On the question of whether there was a good reason for halving the sugar guidelines, he claimed that the 2015 report of the Scientific Advisory Committee on Nutrition (SACN) concluded that there is an association between sugar intake and body weight in adults. In fact, as the presenter Tim Harford pointed out, it found that ‘there is a lack of evidence to draw conclusions on the impact of sugars intake on the majority of cardio-metabolic outcomes in adults, including body weight.’
Nevertheless, the SACN report did recommend that the maximum sugar limits be halved – from 10 per cent of daily energy intake to five per cent – and it was this report that led to Public Health England changing the guidelines. And what a change it was. The meagre sugar ration given to civilians during the Second World War would exceed today’s guidelines. There is no chance of any normal people in a market economy sticking within them.
Nor do they need to. The scientific justification for the five per cent guideline was always feeble. In fact, there were three feeble justifications. The first was tooth decay, but that was a non-starter. Drummond and Kirk sum up the mainstream view when they write:
‘Frequent consumption of sugar and poor dental hygiene may promote dental caries but the overall amount is irrelevant’.
Despite pressure from campaigners, the World Health Organisation kept the sugar guideline at 10 per cent of daily calories in 2015. It did, however, offer an extra ‘conditional recommendation’ of five per cent. A conditional recommendation is what the WHO resorts to when it can’t find much evidence of benefit but doesn’t think it will do any harm either. WHO admitted that the five per cent limit was based on ‘very low quality evidence’ and so it was. It came entirely from the observation that tooth decay declined in Japan during the Second World War when privation led to sugar consumption falling almost to zero. The Japanese had little access to fluoride at the time.

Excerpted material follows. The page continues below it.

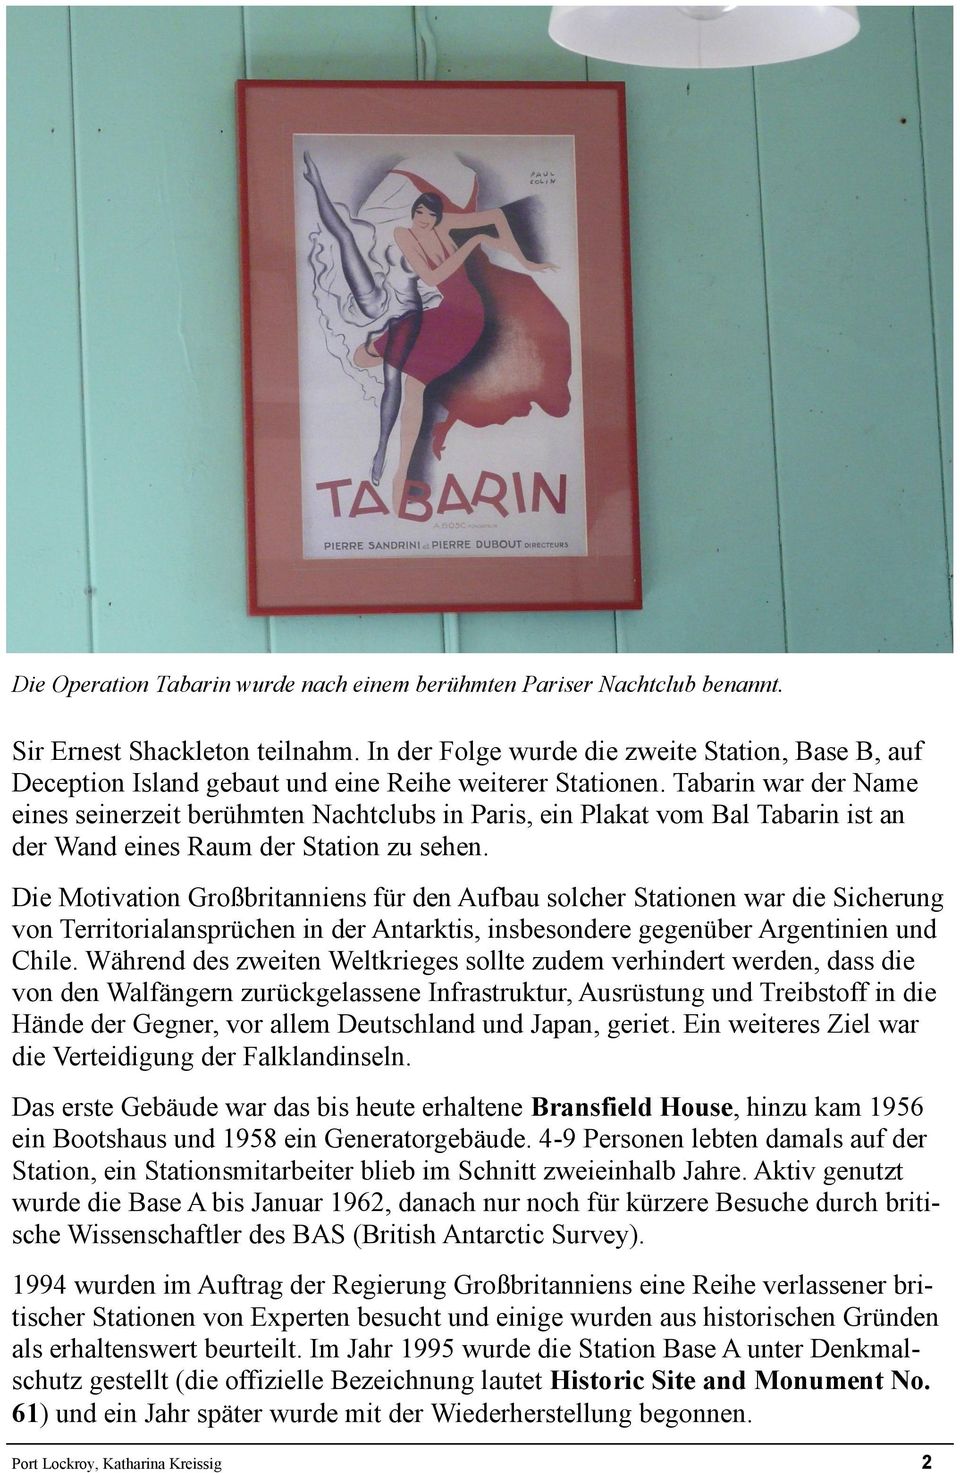 Tabarin war der Name eines seinerzeit berühmten Nachtclubs in Paris, ein Plakat vom Bal Tabarin ist an der Wand eines Raum der Station zu sehen.

The second justification, which Tim Harford mentioned on More or Less, is that people who consume more sugar tend to consume more calories overall and are therefore more likely to become obese. Although you are at no extra risk of obesity from consuming more than five per cent of calories from sugar so long as you abide by the overall calorie guidelines, exceeding the five per cent limit could make it more difficult for you to stay within those guidelines.
To some extent, this is tautological: people who eat more food tend to eat more food. If you’re the kind of person who eats a lot of food, you’re probably the kind of person who eats a lot of sugar. Sugary food tends to be discretionary – sweets, snacks, desserts, etc. – and is often eaten in addition to the core diet. Some people may find this kind of food relatively easy to cut out. Nevertheless, it is strange to portray a sugar intake of more than five per cent (100 calories for a woman) as inherently unsafe when it is clearly possible to consume, say, 250 calories from sugar and 1,750 calories from the rest of the diet.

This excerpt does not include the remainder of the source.